[Problem requirements]: In the data below, begin at the line with "Pearhead Belly Casting Kit 1 ct" and stop after the line with "Charmed Silicone Light-up"; output those lines exactly and no pictures.

[Data]:
....
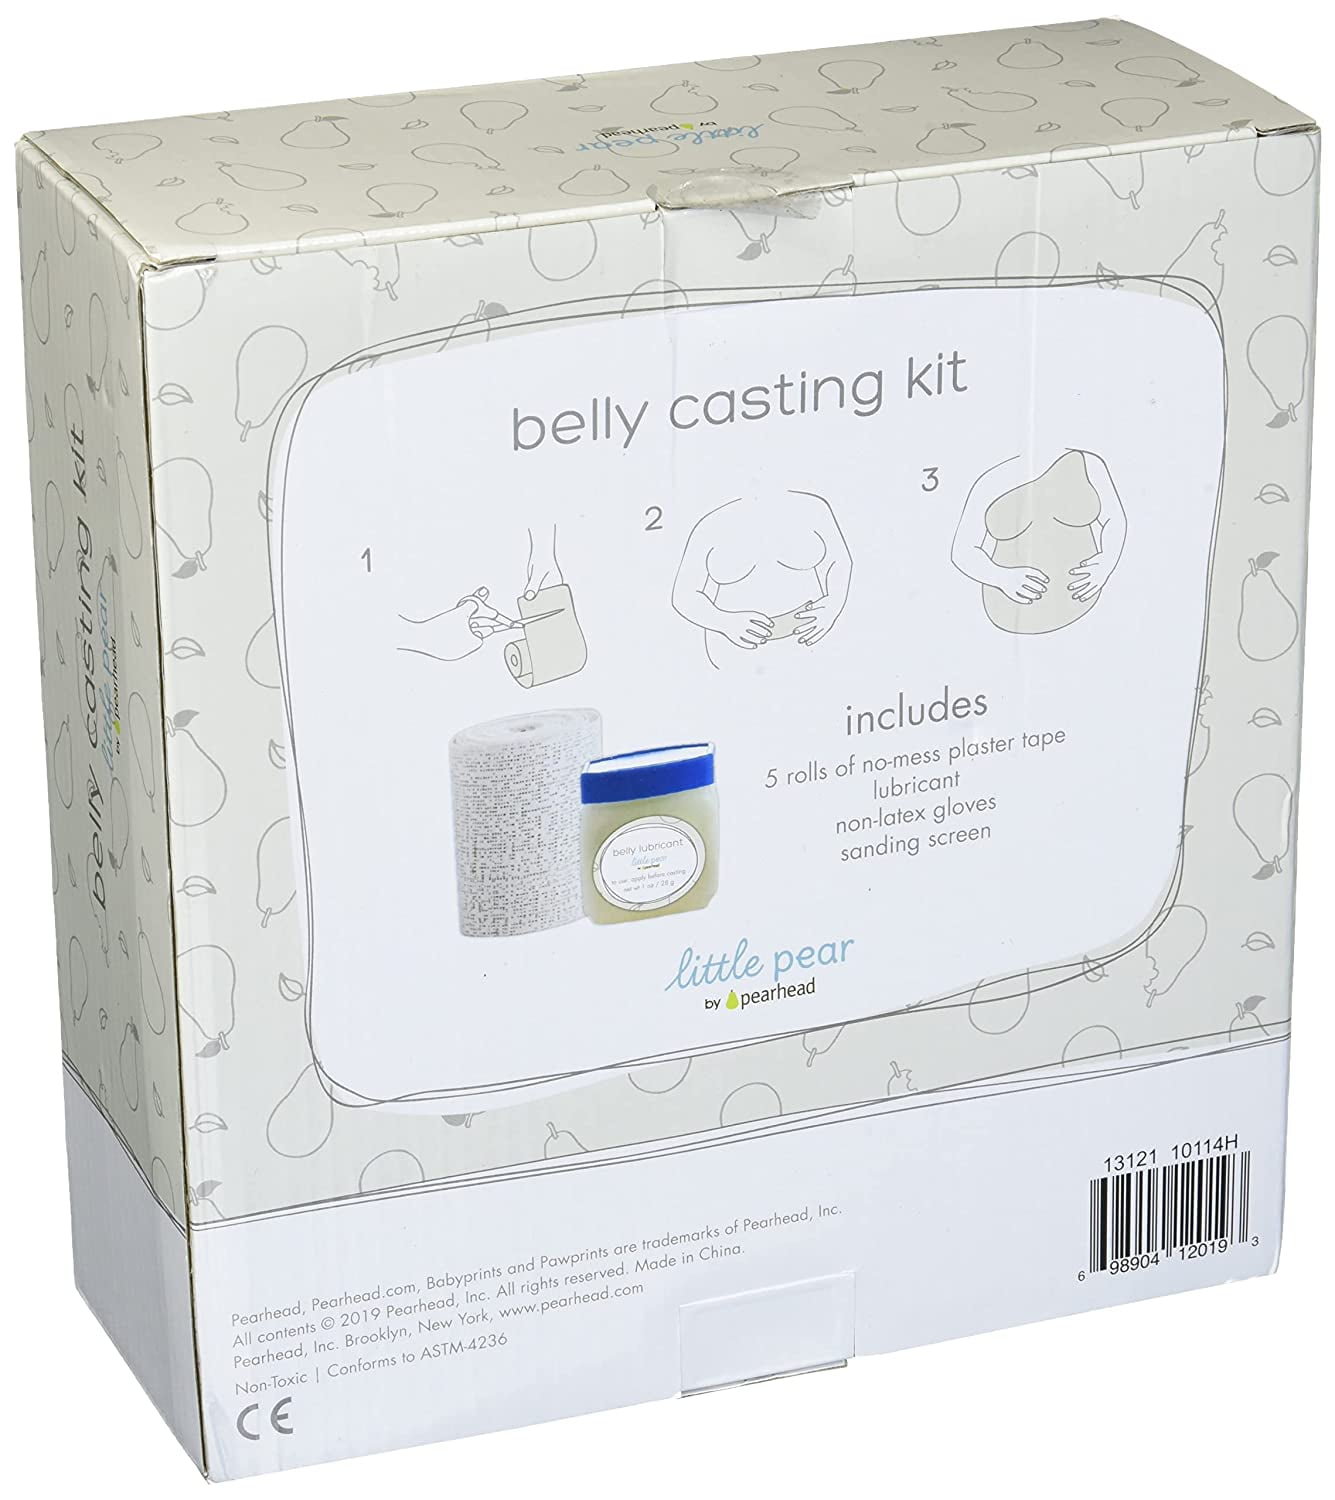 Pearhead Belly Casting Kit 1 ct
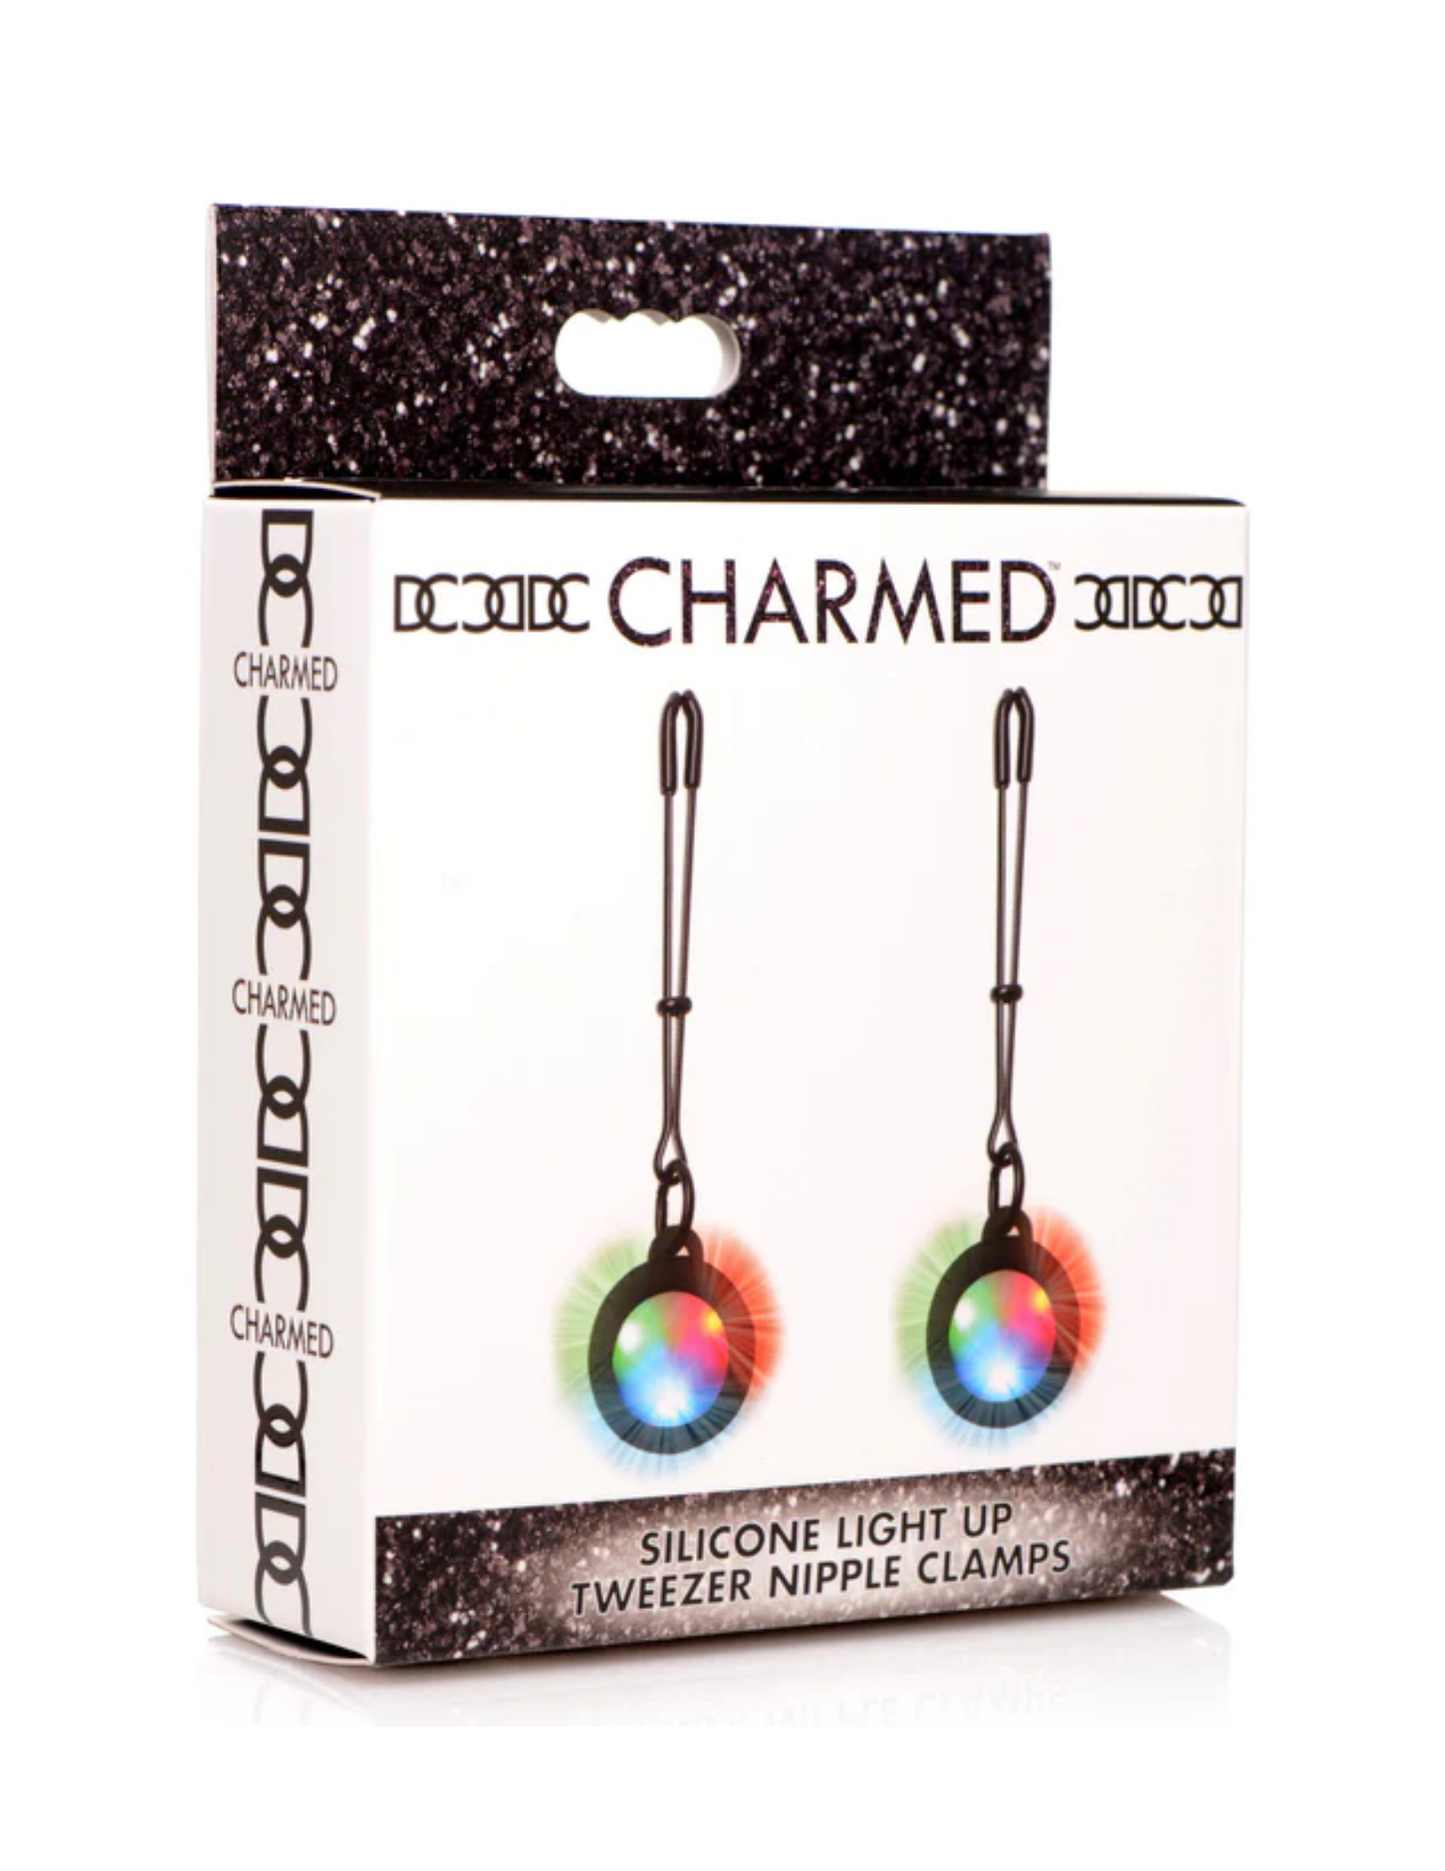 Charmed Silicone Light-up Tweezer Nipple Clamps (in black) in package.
....
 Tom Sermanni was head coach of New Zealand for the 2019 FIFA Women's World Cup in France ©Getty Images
....
[Answer box]:
 Pearhead Belly Casting Kit 1 ct
 Charmed Silicone Light-up Tweezer Nipple Clamps (in black) in package.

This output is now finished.